(PROBLEM DESCRIPTION) The expected answer is the data below, printed verbatim without its pictures.

(INFORMATION SHOWN)
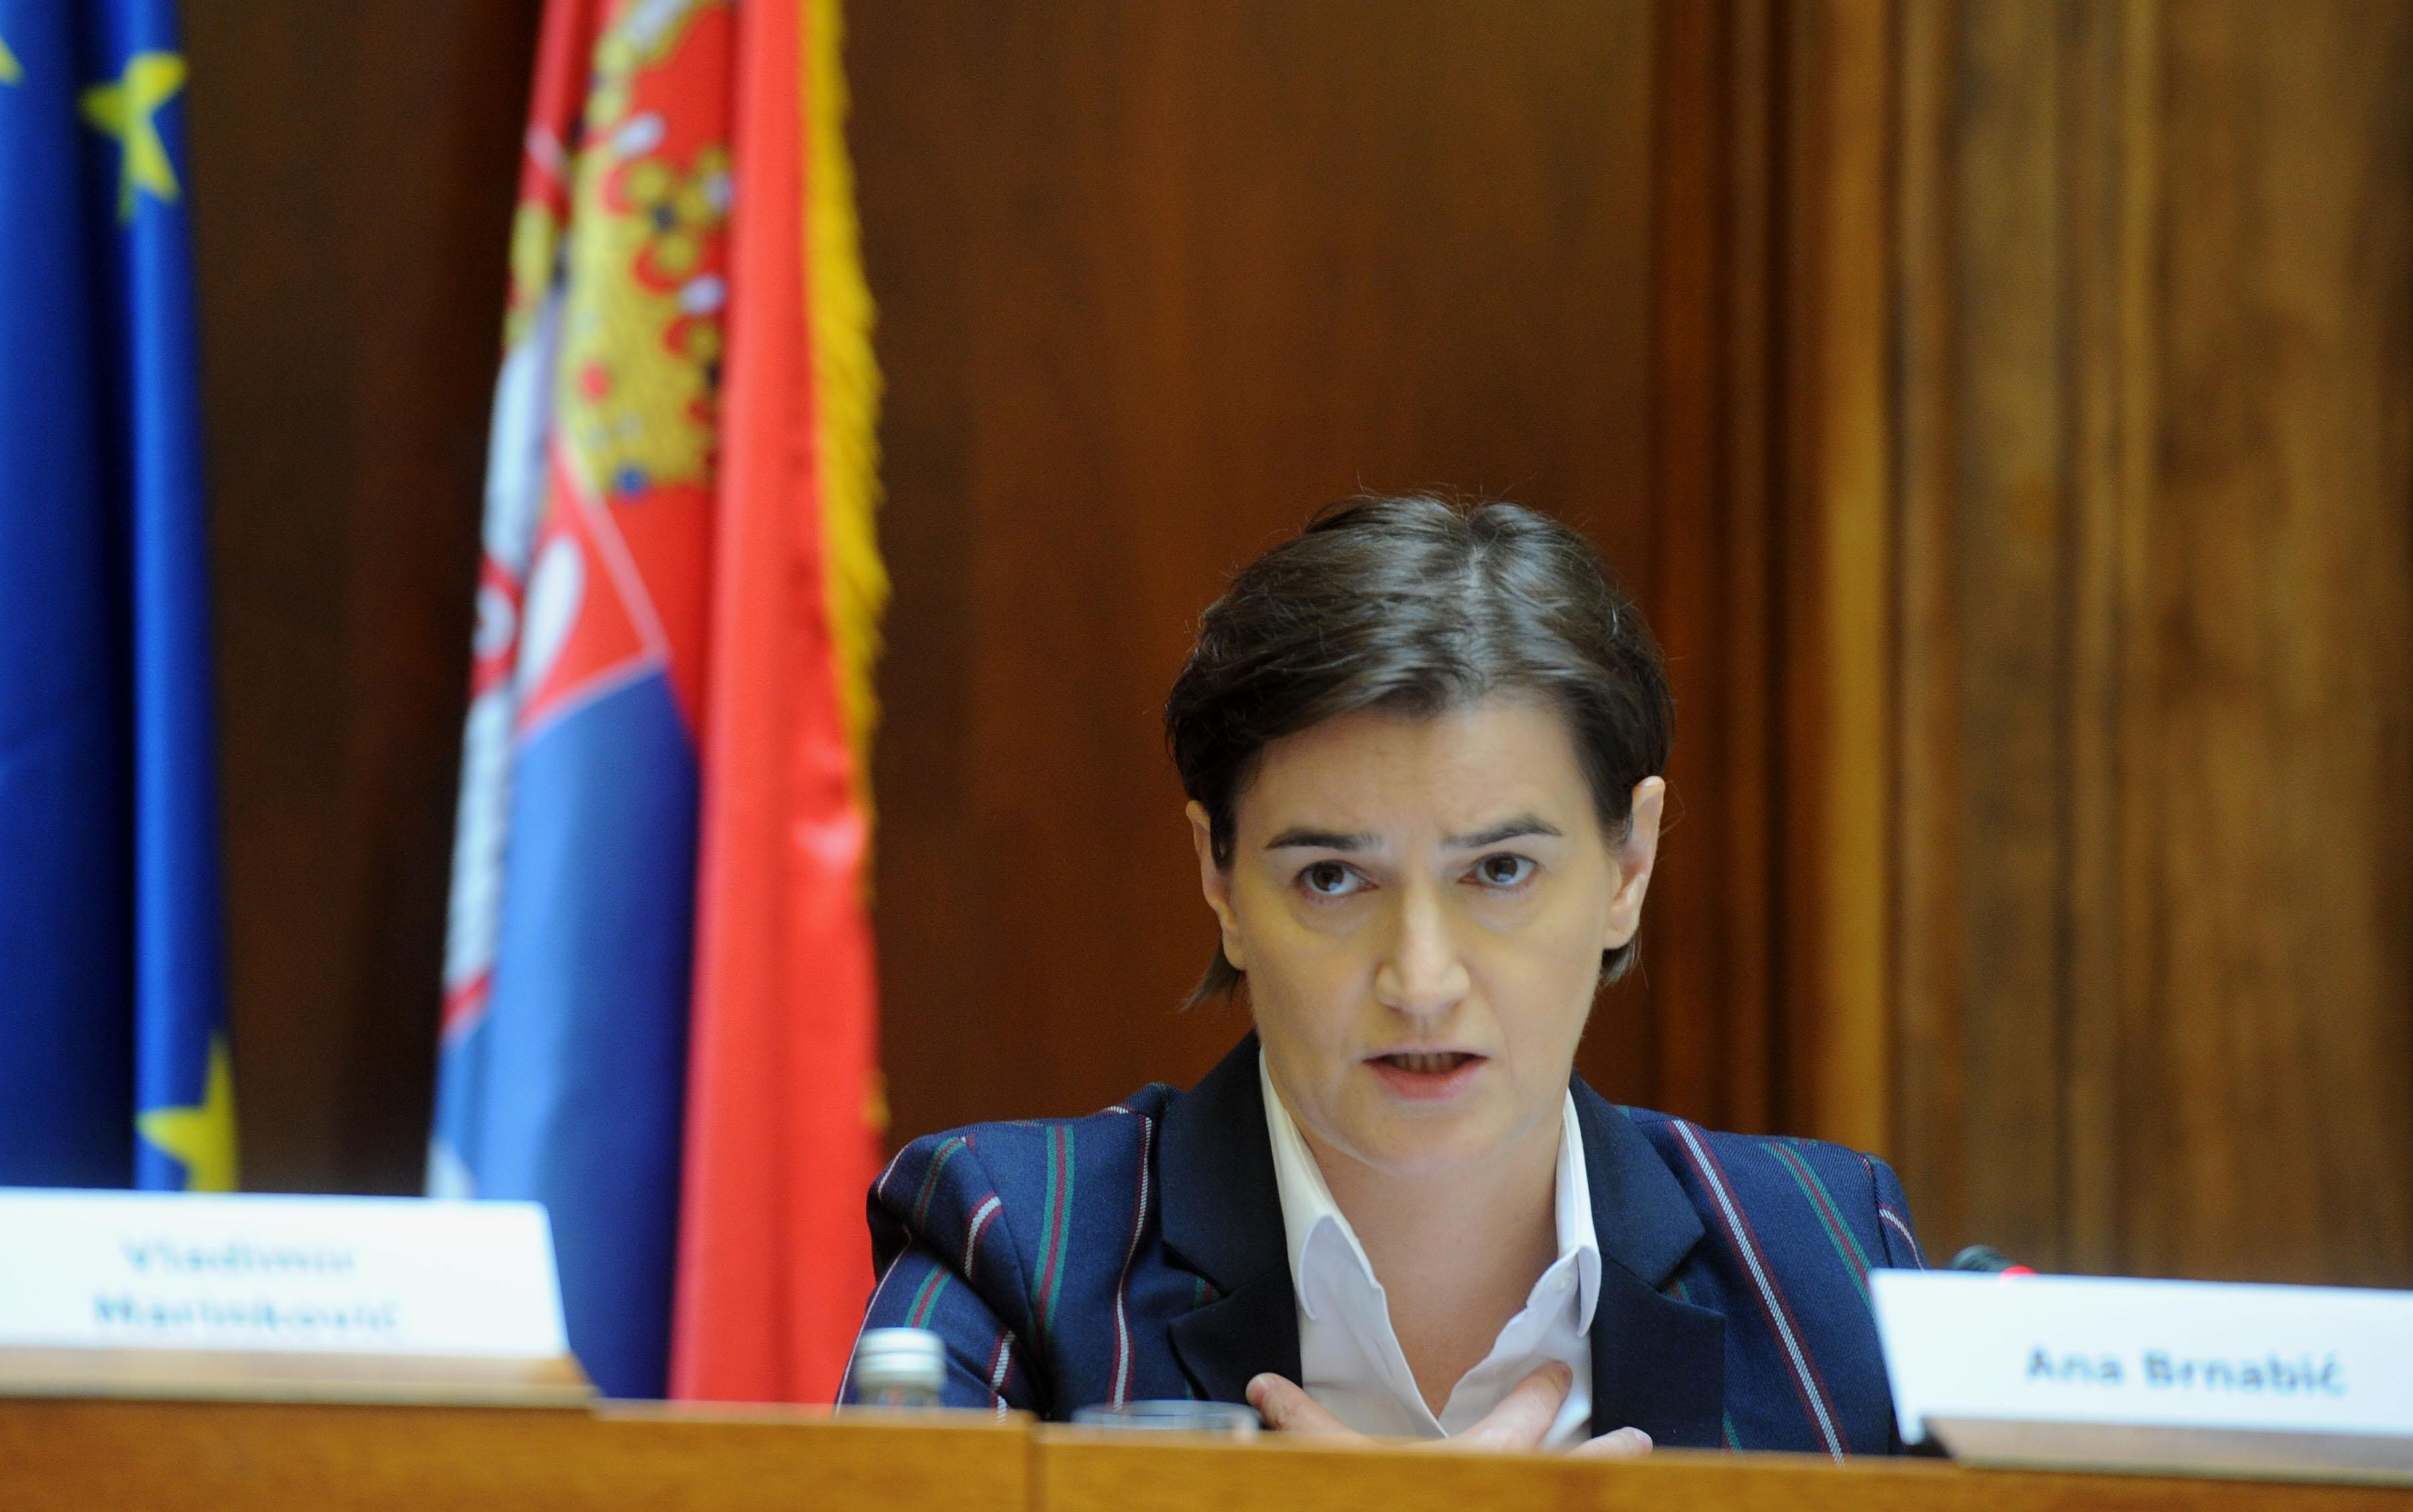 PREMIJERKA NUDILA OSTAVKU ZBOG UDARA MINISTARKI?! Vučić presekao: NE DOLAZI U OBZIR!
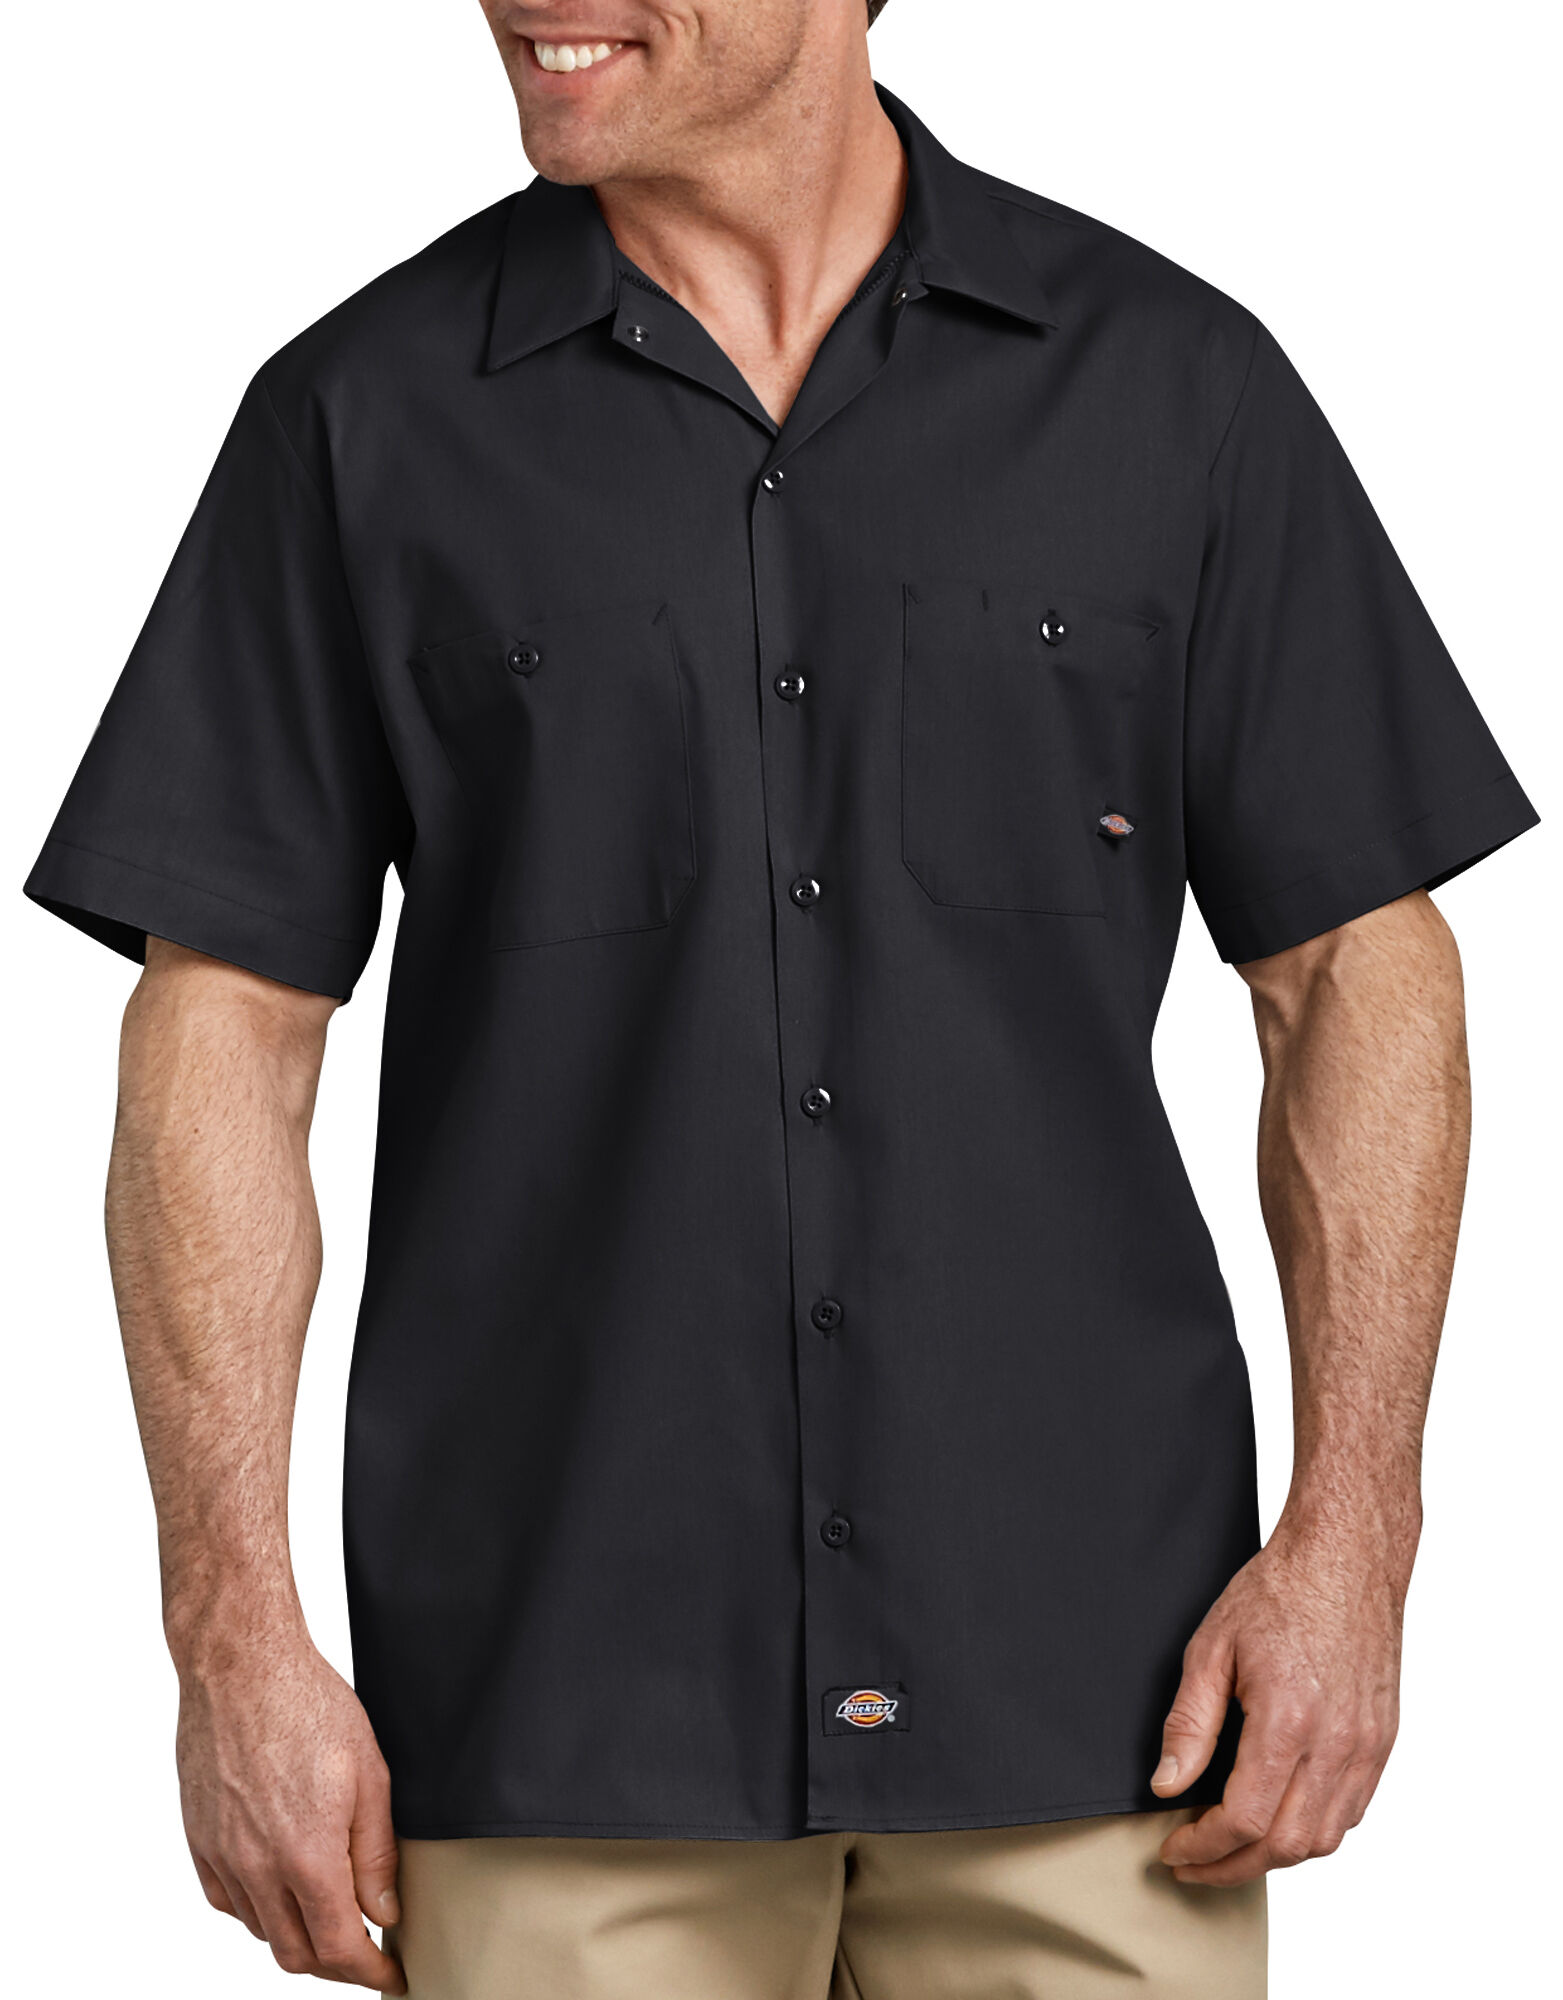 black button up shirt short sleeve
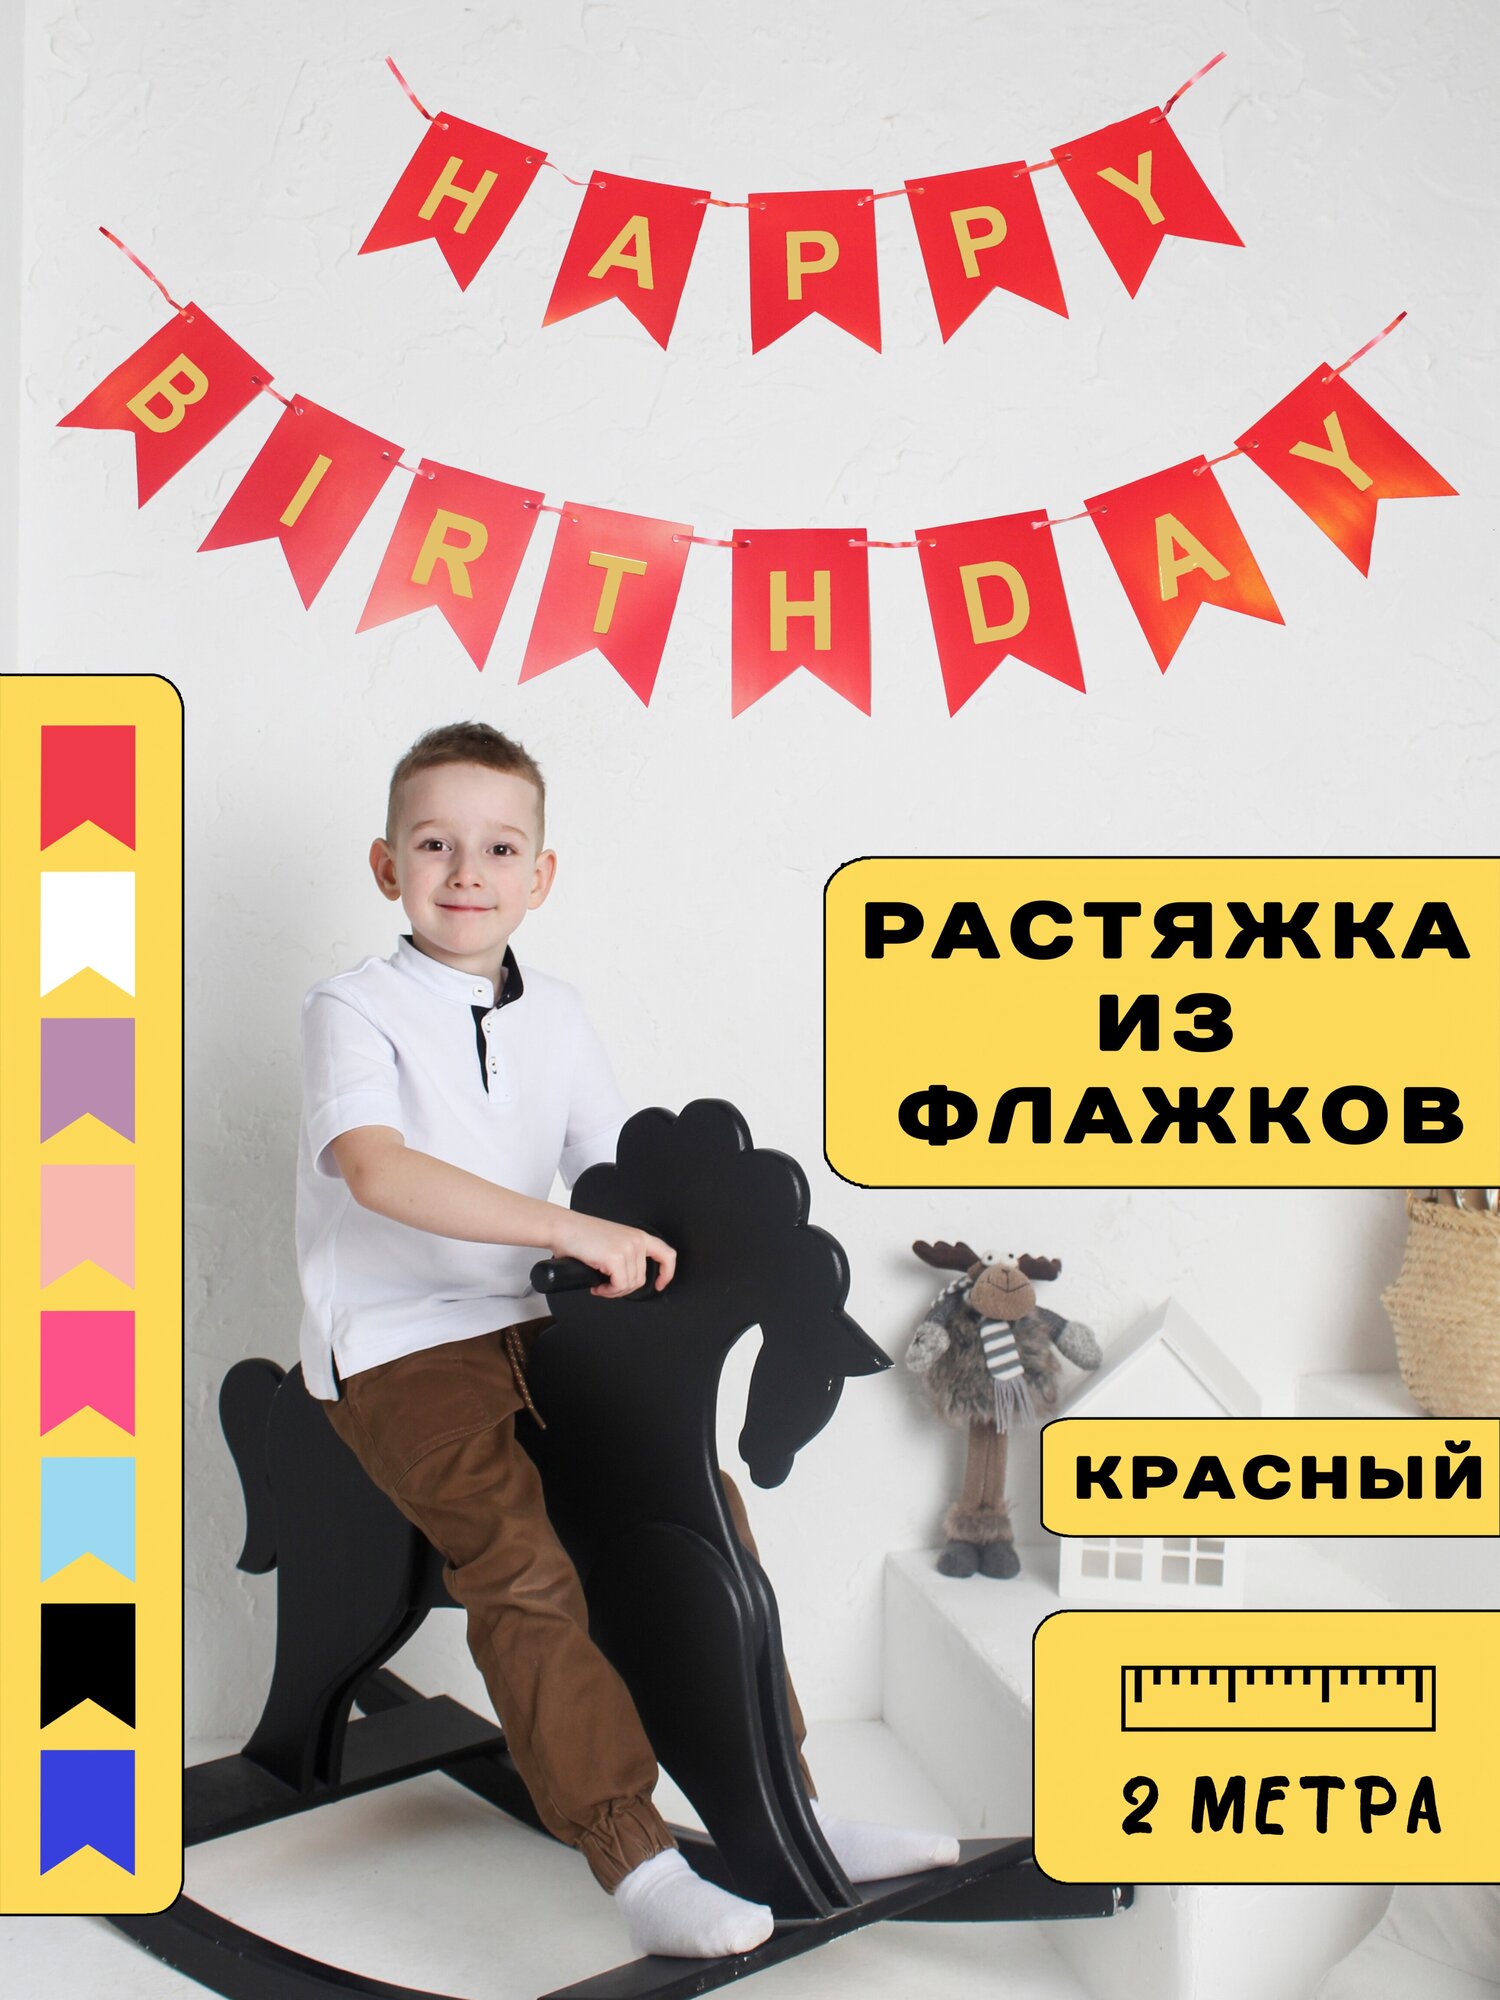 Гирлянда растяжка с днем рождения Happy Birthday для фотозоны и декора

(TASK OUTPUT)
 PREMIJERKA NUDILA OSTAVKU ZBOG UDARA MINISTARKI?! Vučić presekao: NE DOLAZI U OBZIR!
 black button up shirt short sleeve
 Гирлянда растяжка с днем рождения Happy Birthday для фотозоны и декора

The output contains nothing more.